Saturday October 28, 2017

Hello! — and Happy Halloween. Welcome to the CineSavant Cauldron of Horror!

It’s a bit busy around here. I’ll be avoiding the Larchmont Halloween fair on Sunday, which is a mob scene just a block away. Today I may be doing some driving and hauling to help set up an altar at the Hollywood Forever Cemetery’s Day of the Dead celebration. That’s going to snarl up traffic both days — !

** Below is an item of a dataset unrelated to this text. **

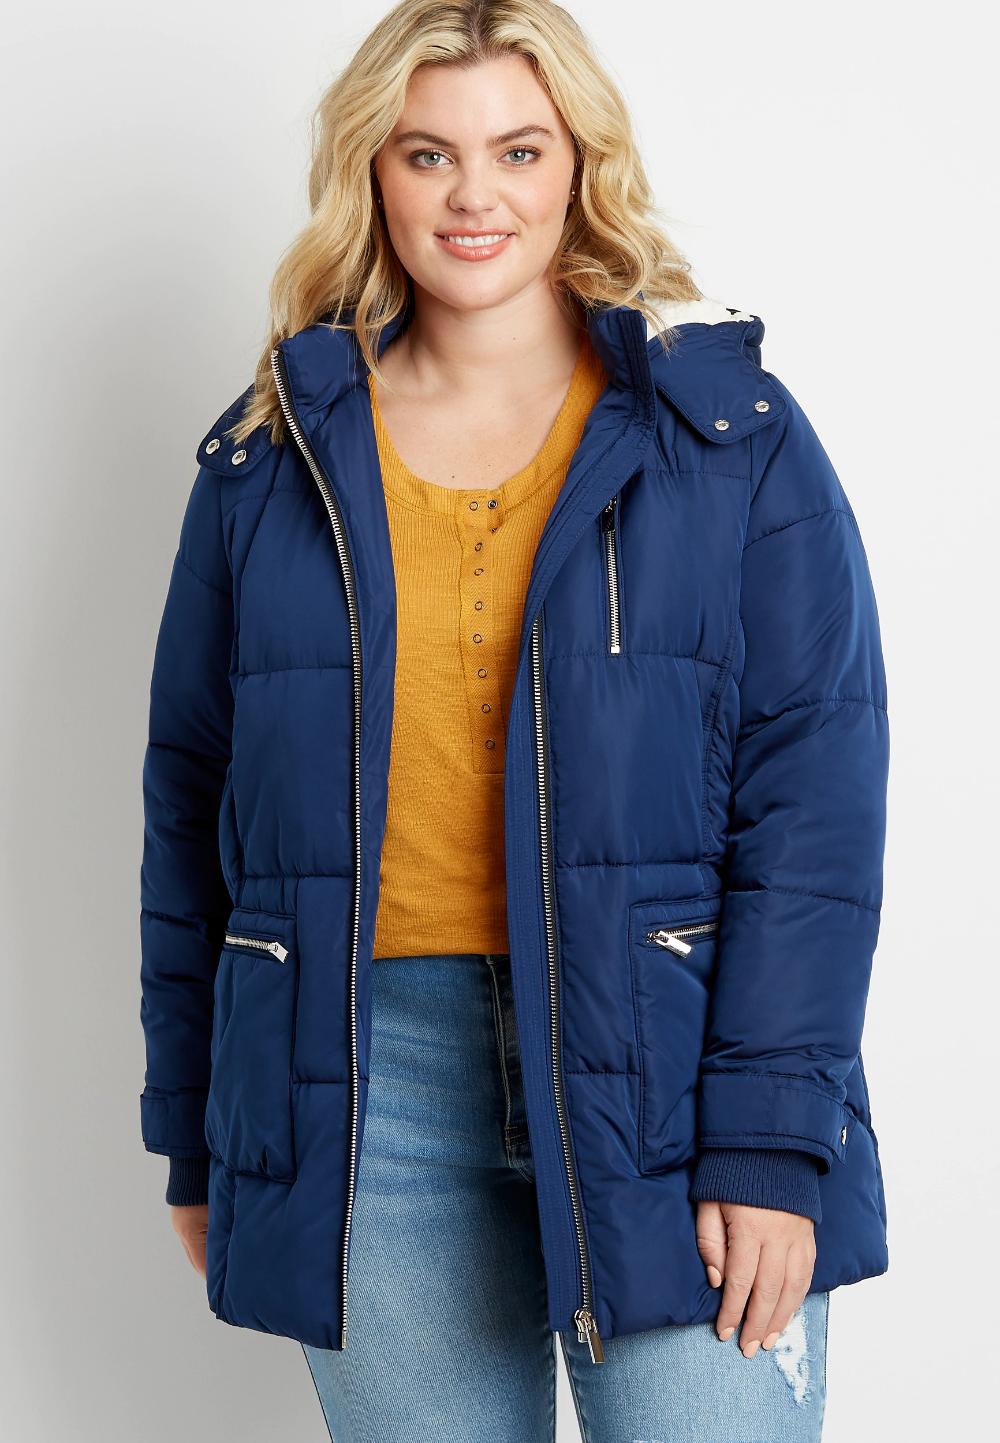 Plus Size Blue Sherpa Lined Hooded Puffer Outerwear Jacket Outerwear Jackets Outerwear Sherpa Lined [ 1443 x 1000 Pixel ]

Yesterday I was more or less captive in my house for several hours while NCIS: L.A. filmed a car-motorcycle chase and gun shootout a couple of doors down the street, and racing up and down the block — you know, some neighbors get hefty fees for the rental of their front yards, and I just get told to stay off the street and out of sight. The people on the motorcycle wore furry animal masks, and the production company put Christmas decorations on various lawns, so I’m guessing that if I tune in this December I’ll have a good chance of seeing my house buzz by — for probably a half-second. Hollywood, it’s so glamorous. A cheerful A.D. let me stand in my own driveway to grab this blurry shot. The camera tricycle is on the left, filming backwards at the presumed stunt folk on the bike. They did this about thirty times, each time with a volley of five gunshots. Later in the day came a car crash, a little bit down the block.

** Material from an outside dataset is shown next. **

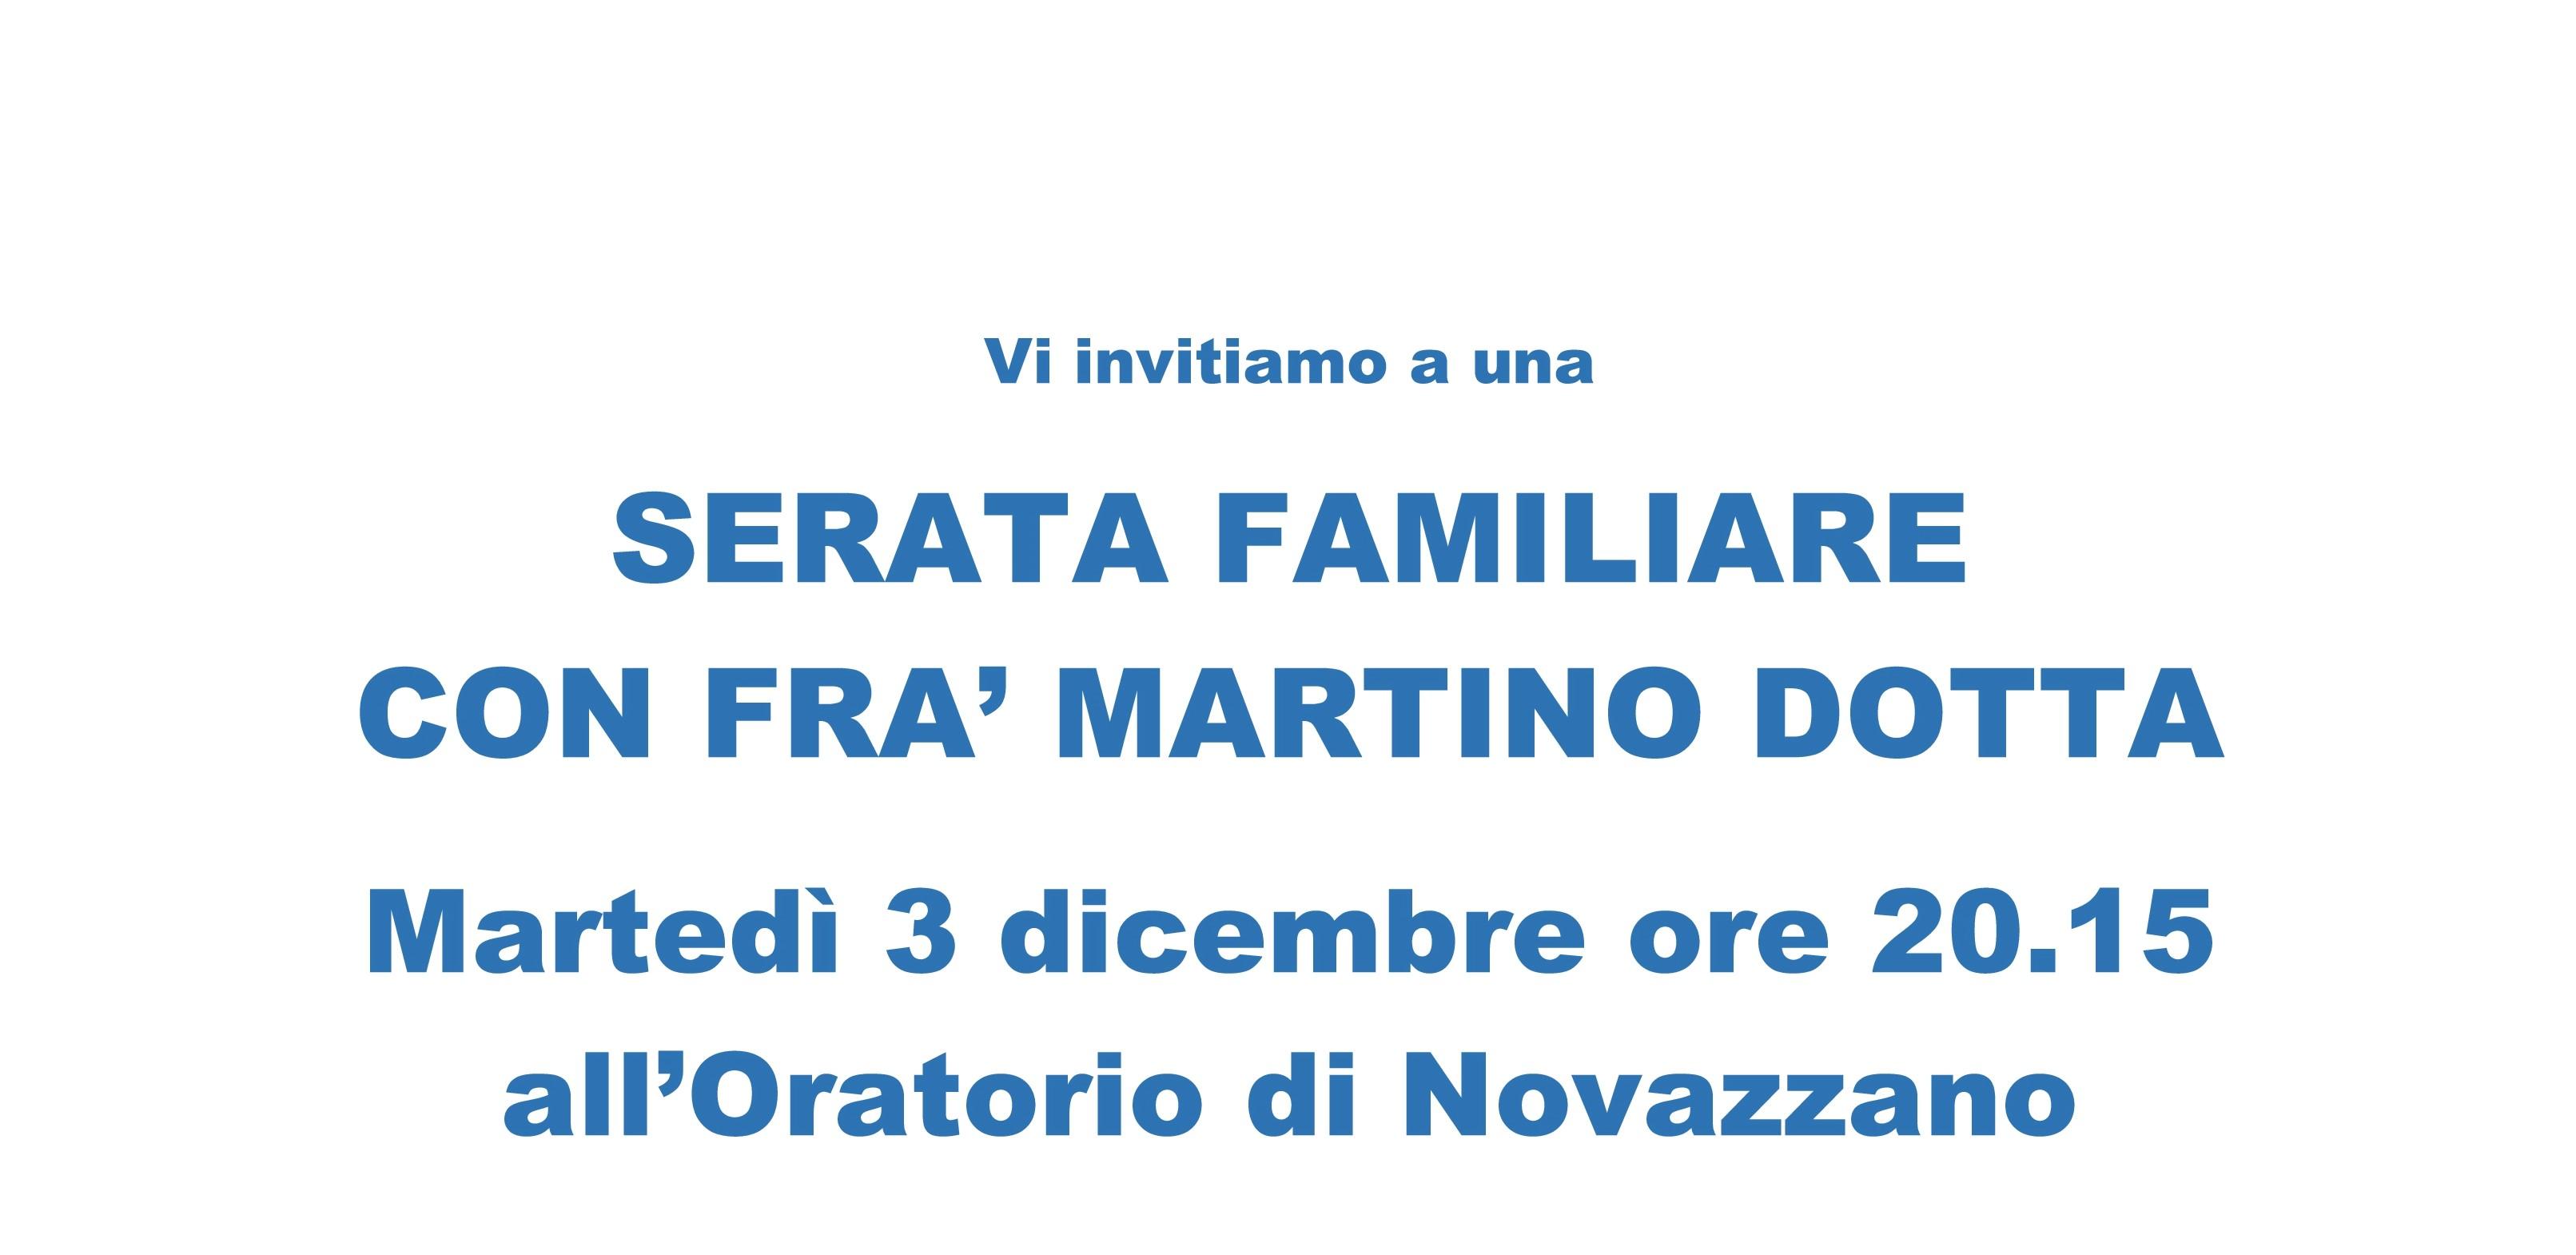 Serata Fra Martino_1

Joe Dante has circulated a neat link to a The Public Domain Review, the newest (Volume 7, #20) issue of which has a nifty Halloween Special Section with ten neat articles about the holiday, highly recommended. One P.D. Review link is to an original color Georges Méliès movie, The Infernal Cauldron (1903)

Let me call out a new installment of The Friends of Marty Melville, a resuscitated Trailers from Hell feature that inspired today’s Halloween Horror Triple Bill features. We love those vintage newspaper movie pages, that promised all manner of strange fare, especially at drive-in theaters. The four-movie bill for the ‘Bel Air’ seen on the right was a typical item. This one may have been a package offered by United Artists, or perhaps a local distributor grouped them, or maybe the owner of the Bel-Air himself picked the titles out of a budget line-up. Diary of a Madman, the only show in color, is fairly new for 1963, but the other three are a couple of years old — ‘The Horror Chamber of Dr. Faustus’ is of course the dubbed and slightly cut Eyes Without a Face. The only title of the four not yet on Blu-ray is ‘The Vampire and the Ballerina,’ which is a dubbed cut of Renato Polselli’s L’amante del vampiro from three years before. I think MGM has elements for the original Italian item too, which is a real oddity. If some disc boutique snaps this one up, I hope they give us both versions.

And finally, correspondent Edward Sullivan directs us to the Film Board of Canada, which has a special selection of NFB Halloween Spook Shows all ready to go. They look good.